Only the lines below starting at the one that contains "Men's Tennis Shoes | Wilson Sporting Goods" and ending at the one that contains "Международный фестиваль печников" are to be reproduced, exactly and with both ends kept.

====== Records for processing ======

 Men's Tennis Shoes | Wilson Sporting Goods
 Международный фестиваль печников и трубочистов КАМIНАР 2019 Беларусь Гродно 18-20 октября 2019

======
====== Records for processing ======

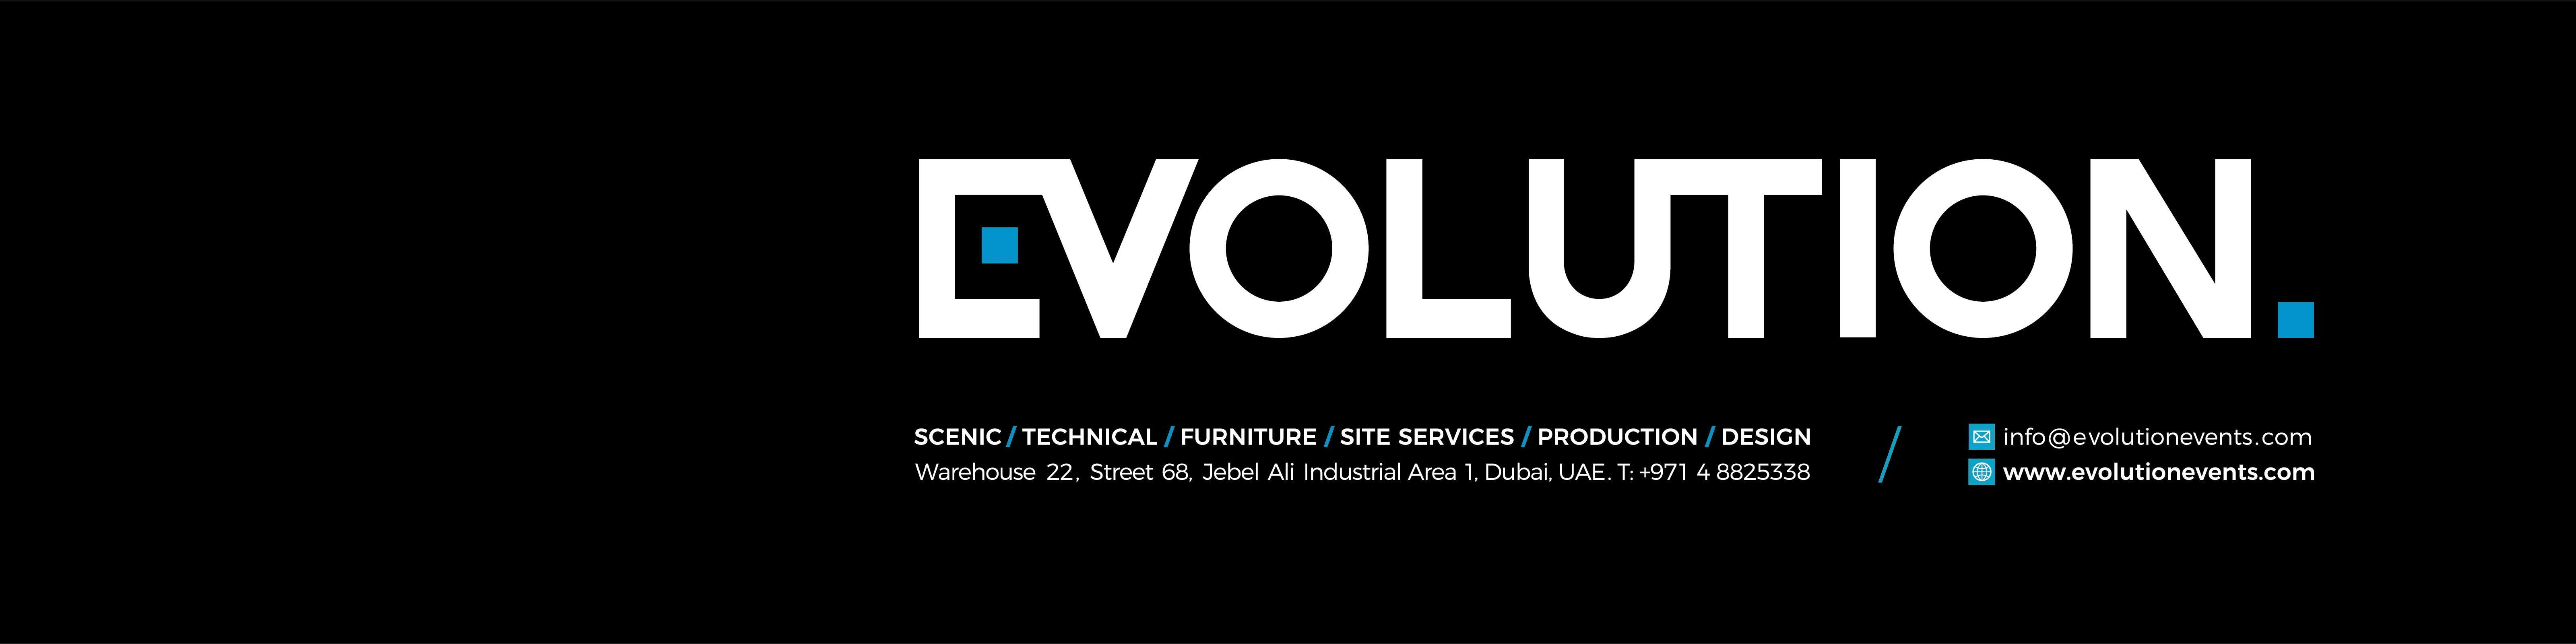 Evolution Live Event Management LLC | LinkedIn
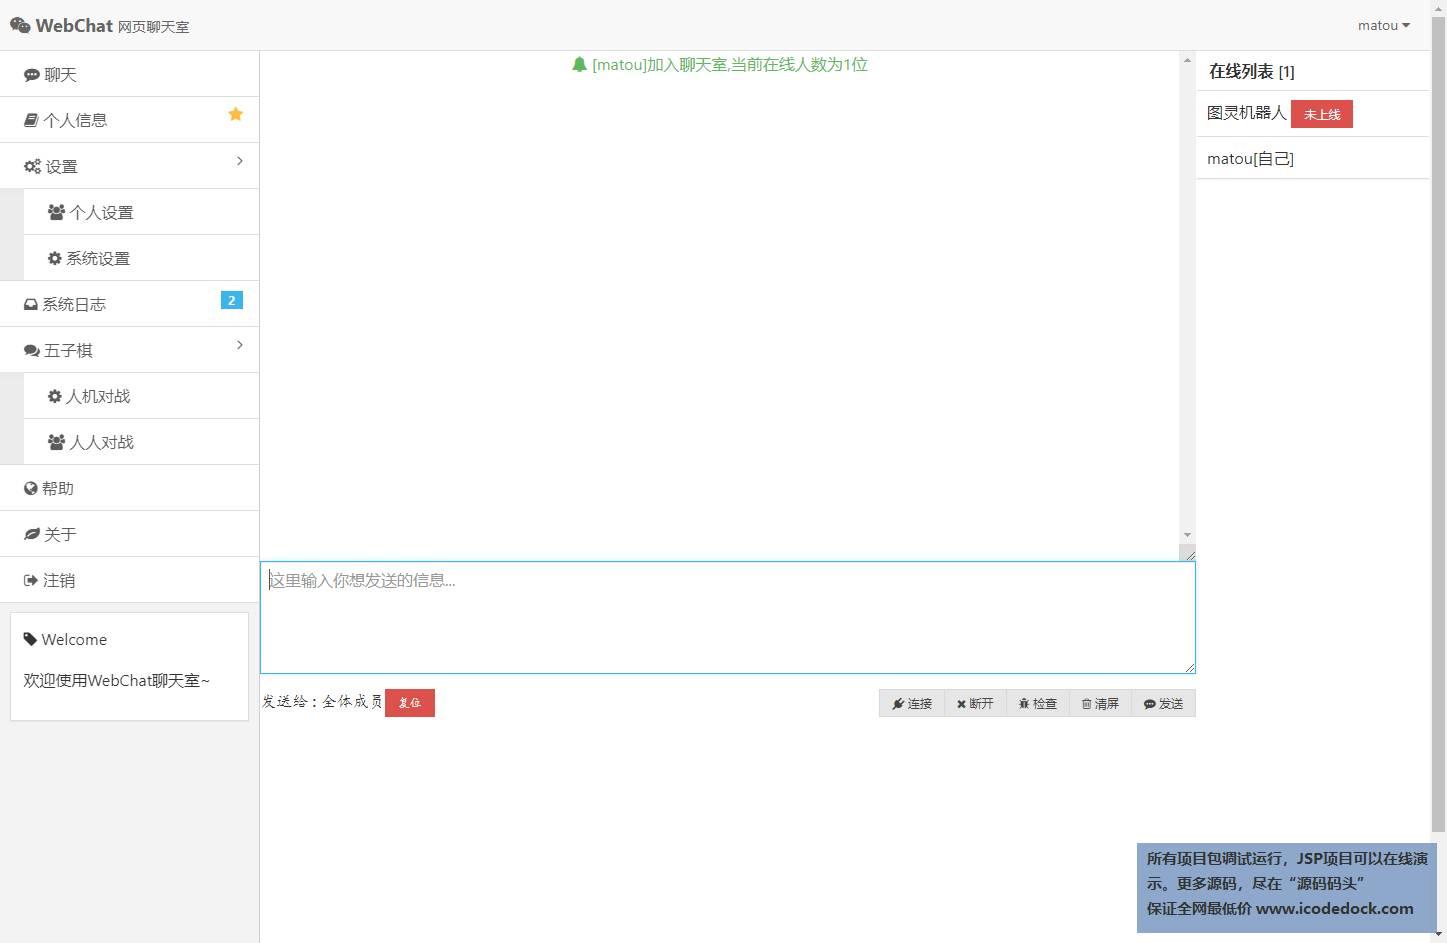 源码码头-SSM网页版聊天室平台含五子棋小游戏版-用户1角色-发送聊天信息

======

### Task answer
 Men's Tennis Shoes | Wilson Sporting Goods
 Международный фестиваль печников и трубочистов КАМIНАР 2019 Беларусь Гродно 18-20 октября 2019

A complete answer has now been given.